Basic understanding of biological clock advances

Writing this week in the journal Science,  researchers at Harvard describe
what causes a trio of proteins, if placed in a test tube with the
common biochemical fuel ATP as a source of phosphate, to function as a
minimalist biological clock of sorts, maintaining an accurate circadian
rhythm for long periods of time.

The new Harvard work builds upon research reported in 2005 by
biologist Takao Kondo and colleagues at Nagoya University in Japan.
That team initially reported that a circadian clock could be
reconstituted in a test tube solely with three proteins and ATP.

“The most striking feature of this circadian oscillator is its
precision,” says Erin K. O’Shea, professor of molecular and cellular
biology and chemistry and chemical biology in Harvard’s Faculty of Arts
and Sciences (FAS), director of the FAS Center for Systems Biology, and
Howard Hughes Medical Institute investigator. “Even in the absence of
external cues — in total darkness — these minuscule protein-based
clocks can maintain precision to a small fraction of a day over several
weeks.”

O’Shea, postdoctoral researcher Michael J. Rust, graduate student
Joseph S. Markson, and colleagues studied circadian rhythms in
cyanobacteria, better known as blue-green algae.

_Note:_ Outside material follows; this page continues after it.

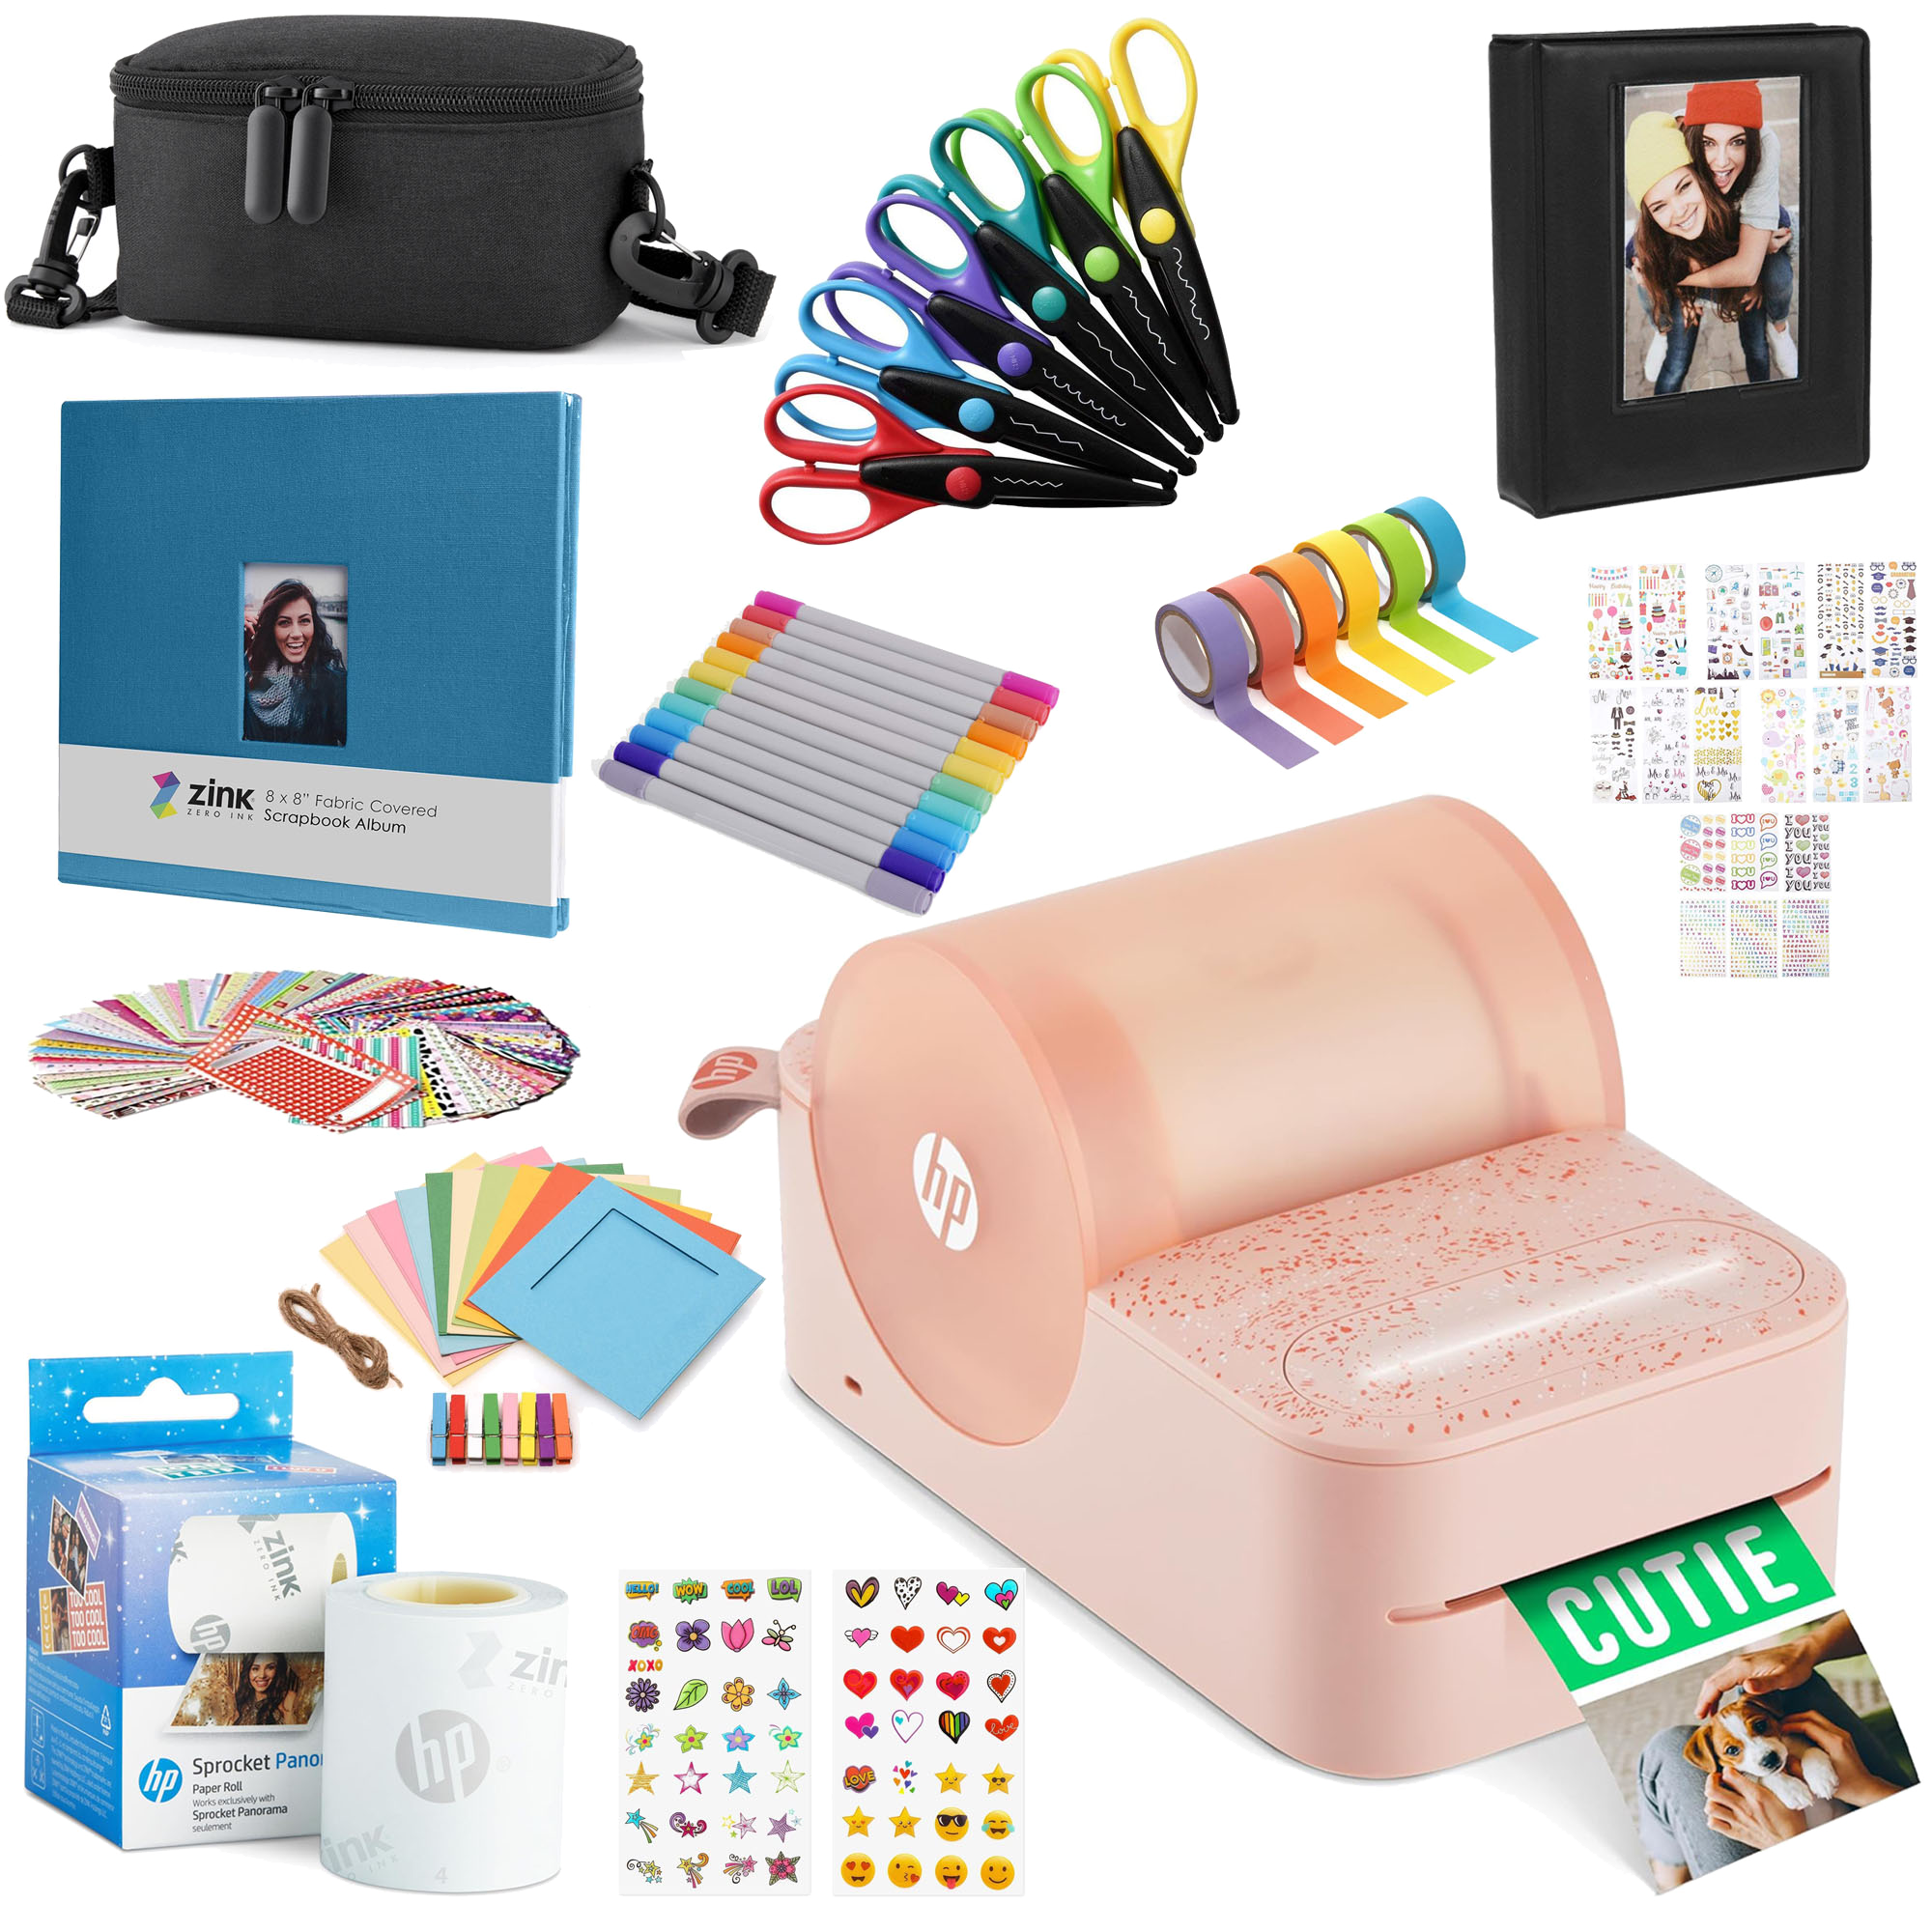 HP Sprocket Panorama Instant Portable Color Label & Photo Printer (Pink) Craft Bundle

These simple
organisms, responsible for some 70 percent of the Earth’s
photosynthesis, devote most of their energies toward just two
biological processes: photosynthesis and reproduction.

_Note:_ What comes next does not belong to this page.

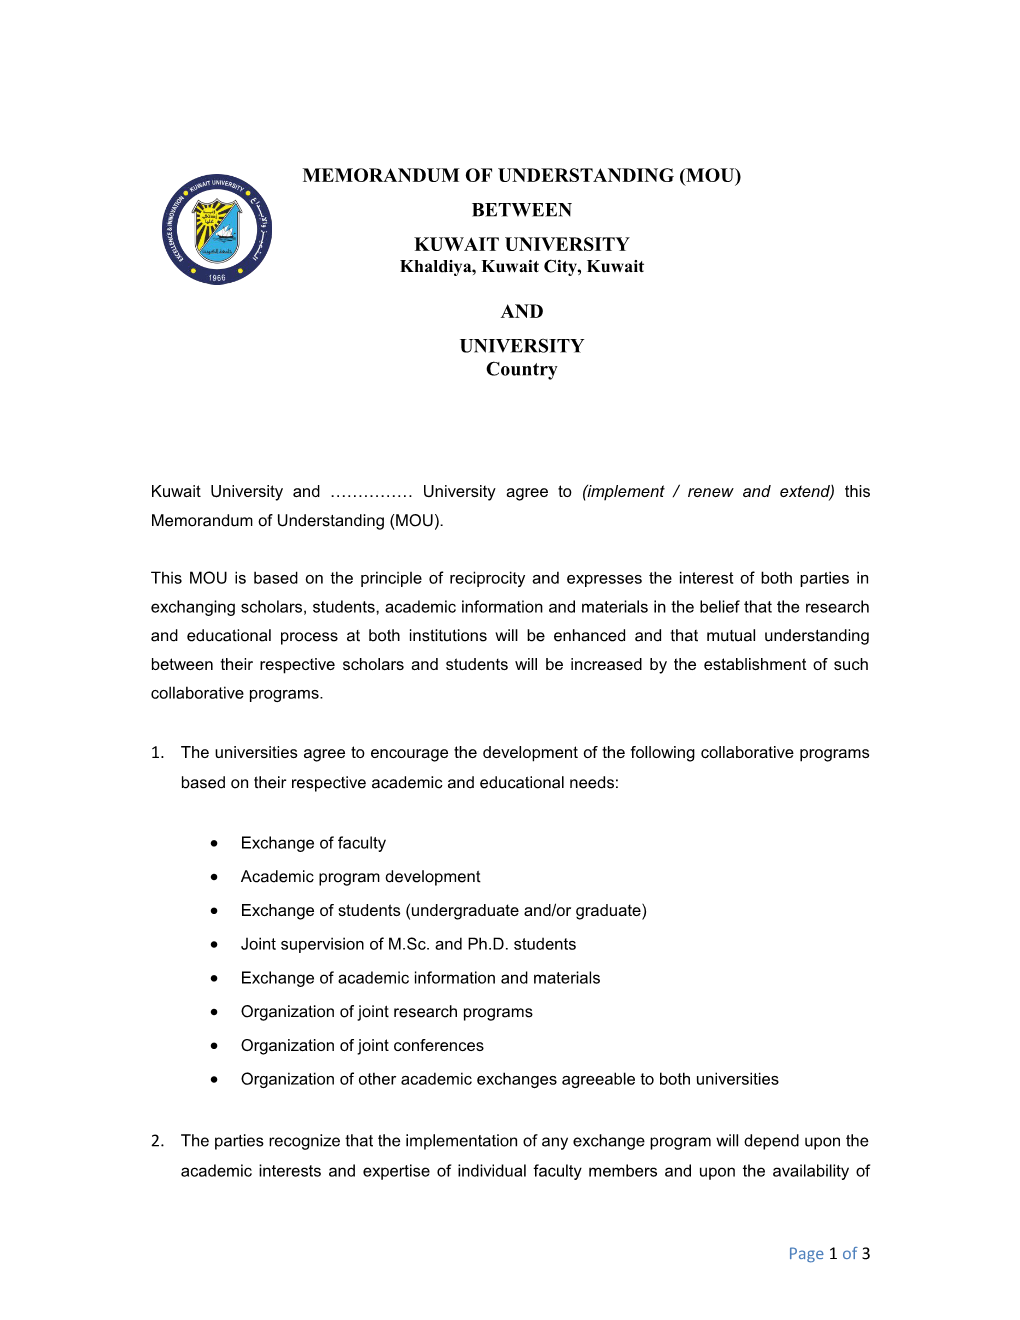 Kuwait University and Universityagree To(Implement / Renew and Extend)This Memorandum Of

The scientists scrutinized the activity of three bacterial proteins
known as KaiA, KaiB, and KaiC. They found that during the daytime, KaiC
is cyclically phosphorylated at two amino acid residues: first at a
specific threonine, and then at a specific serine. During nighttime
hours, the two amino acids are dephosphorylated in the same order.

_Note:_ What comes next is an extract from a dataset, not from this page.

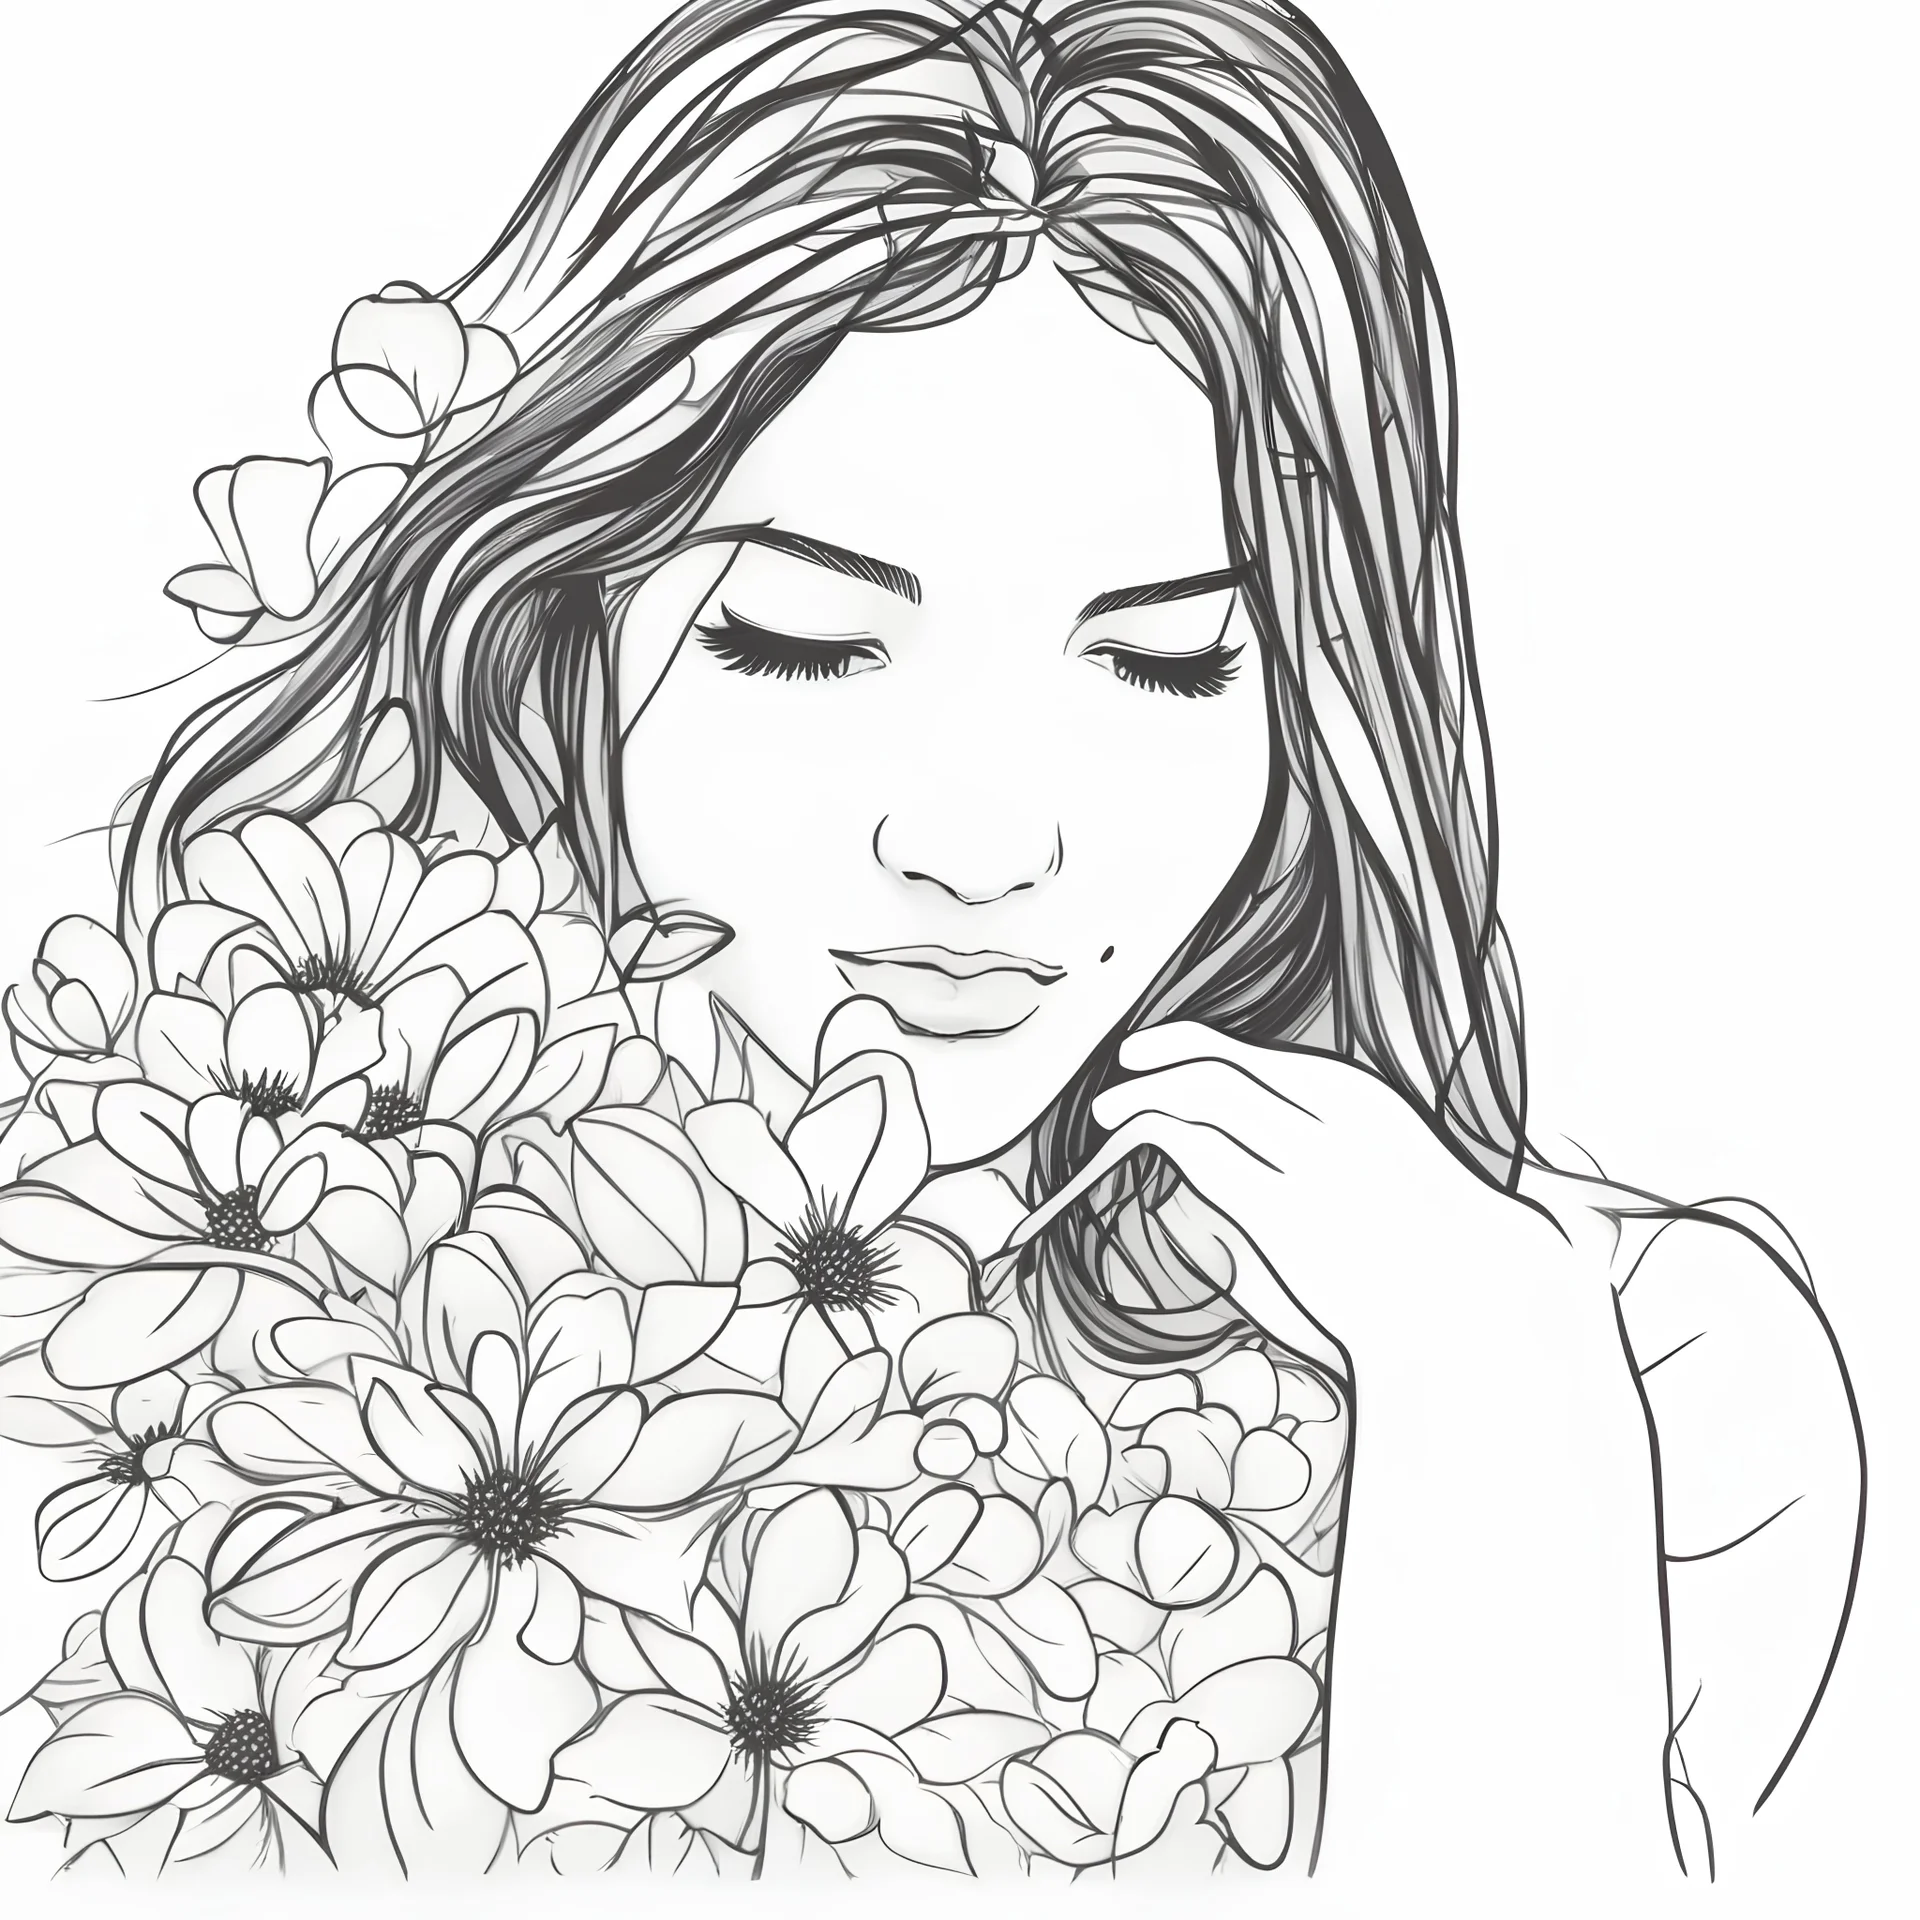 incomplete, haphazard line scribble, ephemeral clean outline art, with scribble handwritten "love", girl holding a flower, clip art

The KaiA protein promotes the phosphorylation of KaiC, and KaiB,
sensing one of the phosphorylated forms of KaiC, blocks KaiA’s
activity, creating an intricate biochemical dance that results in a
nearly perfect 24-hour oscillation. The researchers’ subsequent
mathematical analysis confirmed that this distinctive dynamic would, in
fact, reproduce a circadian period.

The bacterial proteins studied by O’Shea, Rust, Markson, and
colleagues are not known to exist in humans, but the researchers say
their findings illuminate general feedback mechanisms that could serve
to establish chronological oscillations in a whole host of organisms.

“It’s unknown whether such a mechanism is at the core of all
circadian clocks,” says Rust, a postdoctoral researcher in Harvard’s
Department of Molecular and Cellular Biology. “It’s the simplest
chemical oscillator known, and we are looking at it as a possible model
for other species.”

O’Shea says the 2005 finding by Kondo and colleagues that a
cyanobacterial circadian clock could be recreated in a test tube using
only three proteins and ATP surprised researchers because it showed
that some circadian rhythms are driven solely by protein-protein
interactions.

“It demonstrated that circadian clocks can operate independently of
DNA and most cellular components, contradicting the previous prevailing
theory that an entire organism was likely needed to maintain a clock,”
she says.

O’Shea, Rust, and Markson’s co-authors are William S. Lane at
Harvard and Daniel S. Fisher at Stanford University. The research was
sponsored by HHMI and the National Science Foundation.